Oireachtas Joint and Select Committees
Wednesday, 9 January 2013
Joint Oireachtas Committee on Health and Children
Implementation of Government Decision Following Expert Group Report into Matters Relating to A, B and C v. Ireland
12:00 pm
Dr. Alan D. P. Brady:
In regard to fatal foetal abnormalities and whether we would stay within Article 3 if we provided for them, I am not sure that is necessarily the case, but it is a difficult question to answer because the European Convention on Human Rights is treated as a living document and is interpreted on an ongoing basis by the European Court of Human Rights. Its analysis to date would suggest that denying abortions in cases of lethal foetal abnormality may be a violation. Now that Article 3 has been found to be part of the analysis of abortion, an argument could be made that cases of rape or incest are also covered by it. However, I do not think it would be permissible under Article 40.3.3° at present to provide for abortion in cases of rape or incest. That would require a constitutional amendment.
Phrases such as "floodgates" are possibly unhelpful in these circumstances. I am aware this was discussed in some detail yesterday. The Constitution as interpreted by the Supreme Court states that where a doctor is satisfied there is a real and substantial risk to life and termination is required to avoid that risk, the woman is entitled to an abortion. That is the test and we are going to have to trust our doctors to apply it in practice. I understand that umbrage was taken yesterday at the suggestion that doctors would not be capable of applying that test.
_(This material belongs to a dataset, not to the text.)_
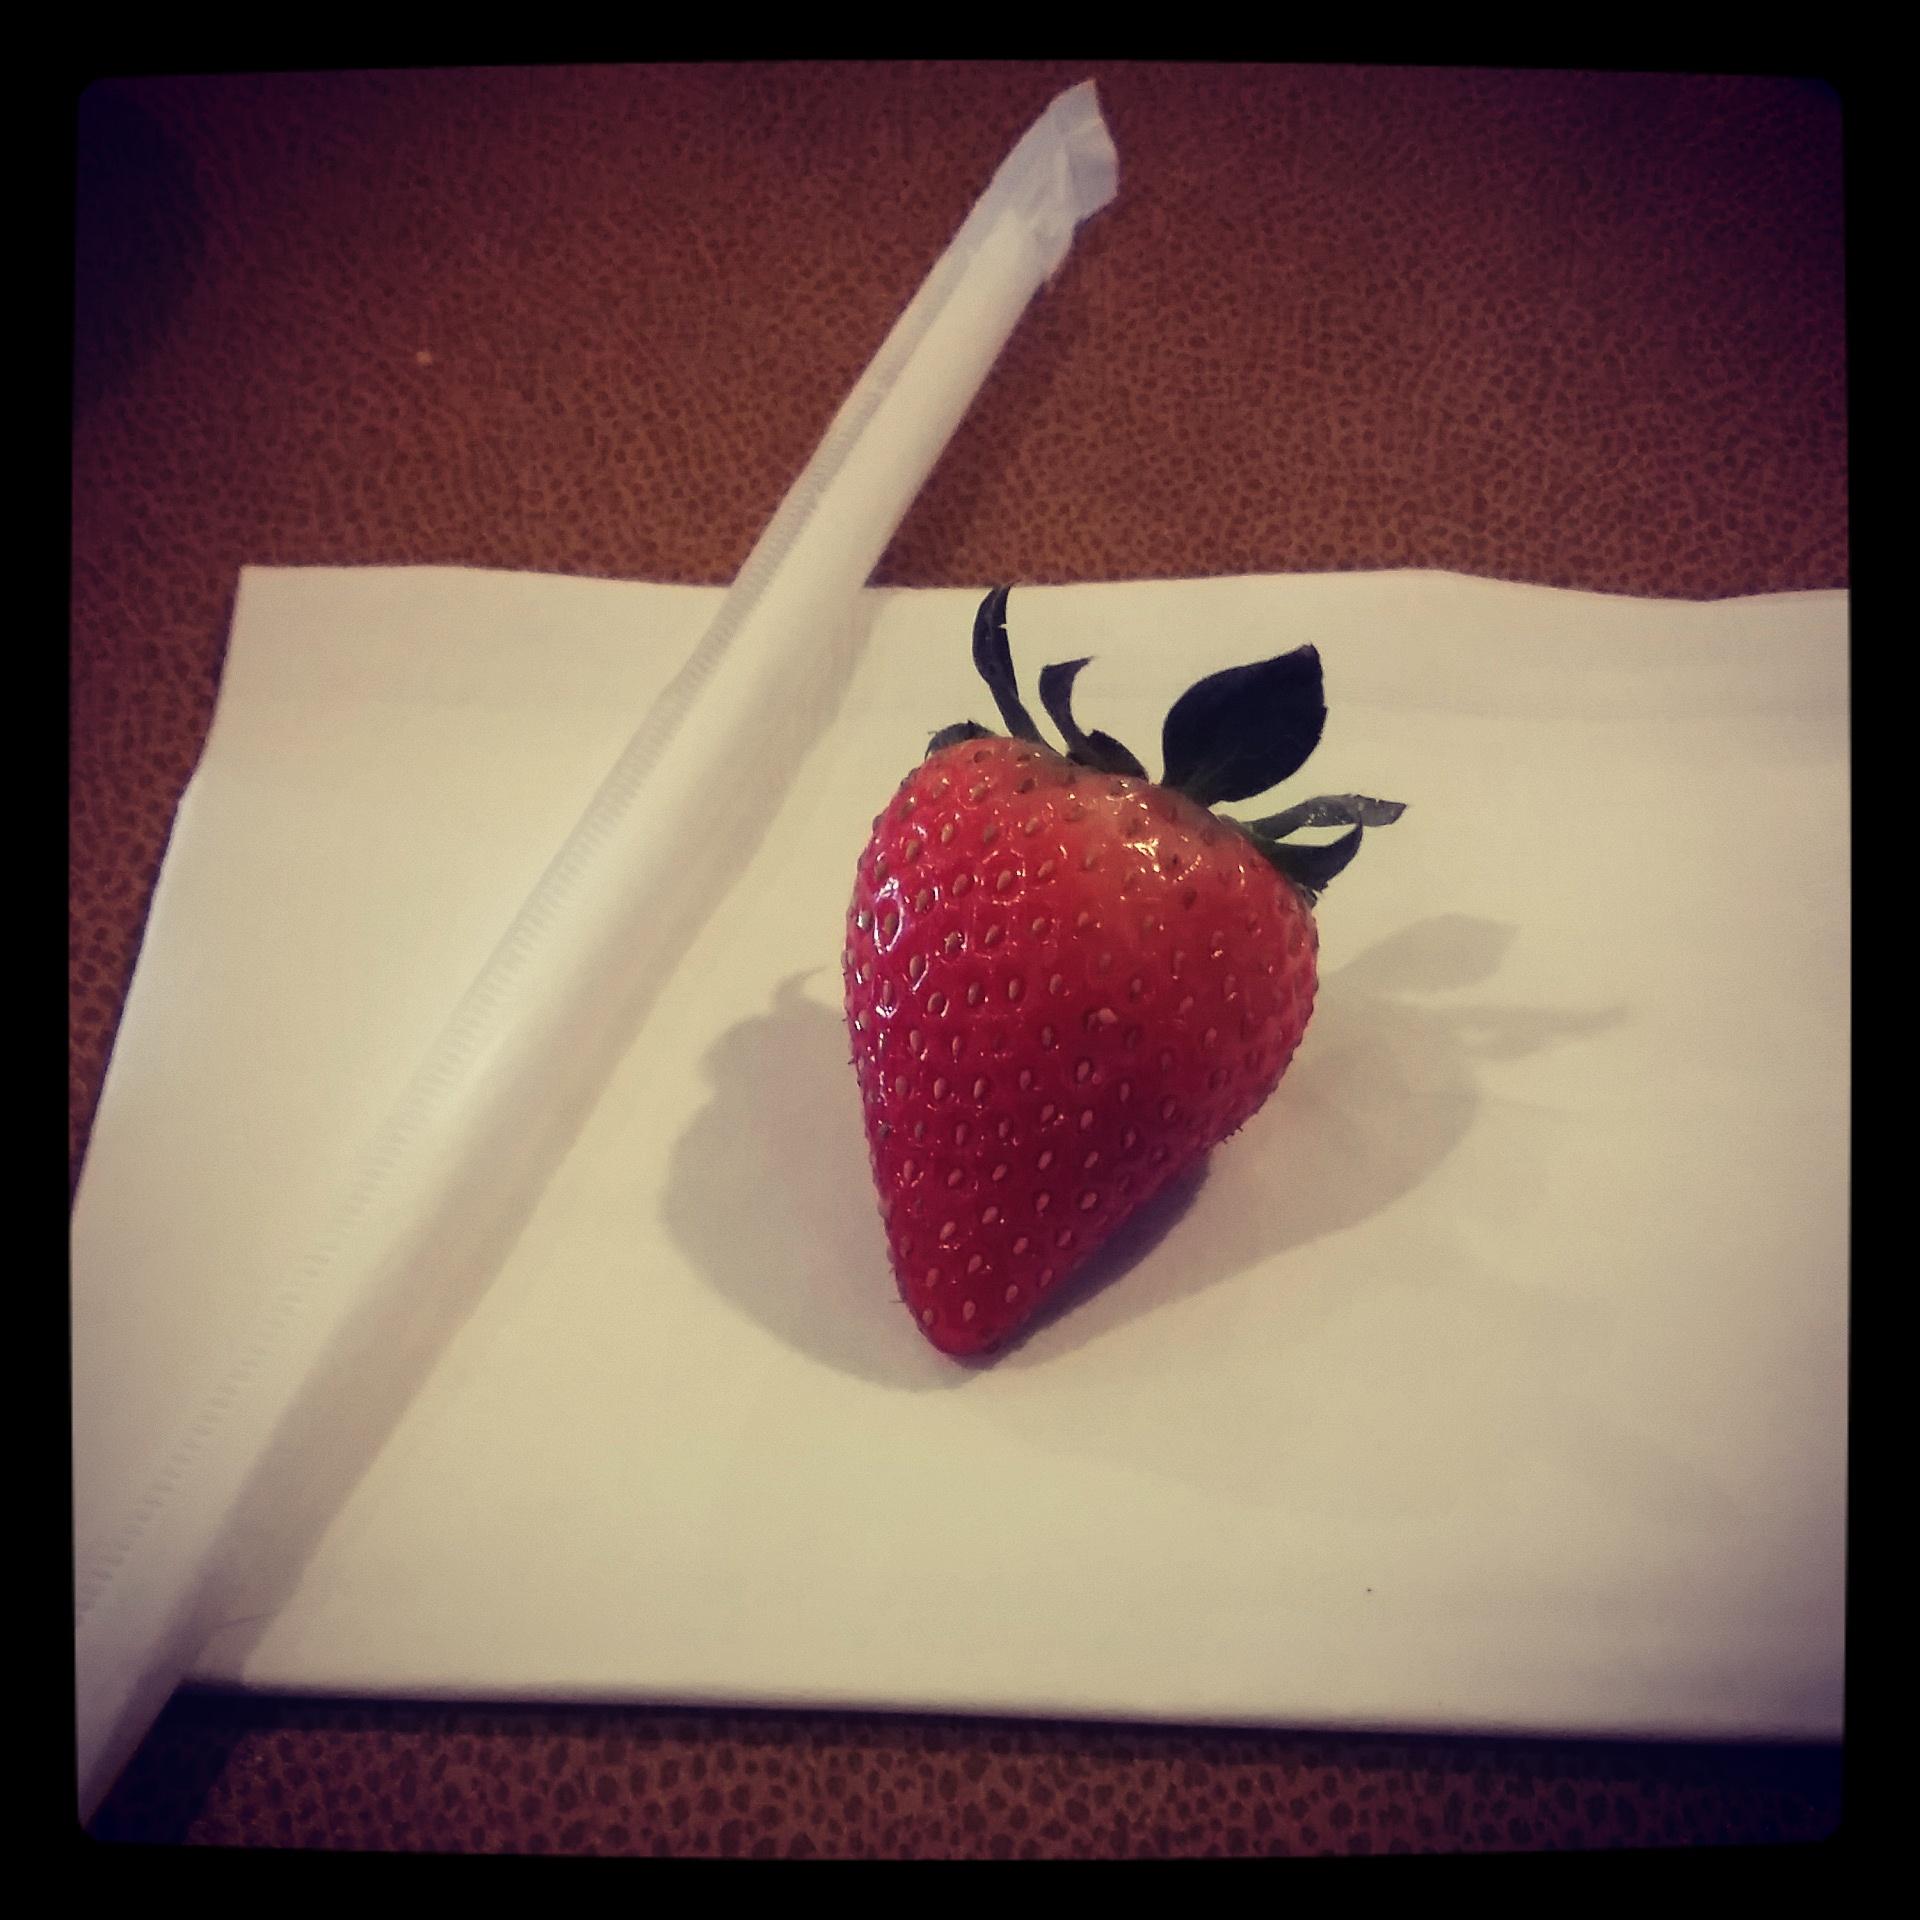 Strawberry Core Hack

The floodgates argument is something of a red herring.
In regard to Senator Crown's point, I am not going to take a position on a specific date. As an organisation that bases its analysis on constitutional rights and legal expertise, the position taken in the Roche case was that the rights under Article 40.3.3° enter into effect at the point of implantation. However, it is important to distinguish between the right to life of the unborn under Article 40.3.3° and the constitutional rights of a born person under the rest of the Constitution. As the Constitution draws such a distinction, it is a right specific to an unborn child. I realise I may not have answered the Senator's specific question but that is as far as I propose to go because I want to keep to the rights provided in the Constitution.
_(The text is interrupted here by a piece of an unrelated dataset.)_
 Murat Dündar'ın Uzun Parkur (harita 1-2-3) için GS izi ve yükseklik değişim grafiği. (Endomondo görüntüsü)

In regard to sections 58 and 59, doctors in this situation are already making decisions about life and death and are faced with difficult choices. Sections 58 and 59 provide for an additional and very unpleasant factor, namely, the possibility of going to jail for life. Penal servitude was abolished in 1997 and the punishment would now be life imprisonment. It is not helpful for a doctor who is making this kind of life-and-death decision to have that weighing in the balance. The ICCL takes the view that the Act should be repealed, but it is not sufficient to repeal it on its own because Article 8 still requires us to establish an accessible mechanism for the constitutional right to be activated. Removing that would not suffice in itself because in circumstances in which, for example, opinions differ on the existence of a threat to life between the woman and her doctor or among doctors, some mechanism is required for resolving the difference quickly.
As regards criminalising abortion outside the setting of medical treatment, there is no difficulty with replacing sections 58 and 59 to deal with what are commonly called back-street abortions, that is, any abortion not performed by an obstetrician in a hospital. The State has a legitimate interest in ensuring such practices do not occur in order to protect the right to life of the woman.
On the question of defining foetal abnormalities raised by Deputy Mitchell O'Connor, the particular cases we discussed included Edwards syndrome and anencephaly, but we are open to the views of medical practitioners in particular. The core point is that if a doctor states that a foetus will not survive outside the womb, this is a circumstance in which we believe there would be no difficulty in providing for a termination under Article 40.3.3° As I am not a medical person I will not provide a specific list, but I hope I have gone some way towards answering the Deputy's question. Once again, we need to trust our medical professionals in this regard.
Deputy Naughten asked about implantation. The Roche case indicates that the right under Article 40.3.3° does not arise until implantation. There must also be the possibility of being born for that right to be engaged. The Roche case deals with a frozen embryo rather than abortion, but it is all we have in terms of guidance from the Supreme Court on the meaning of the right to life.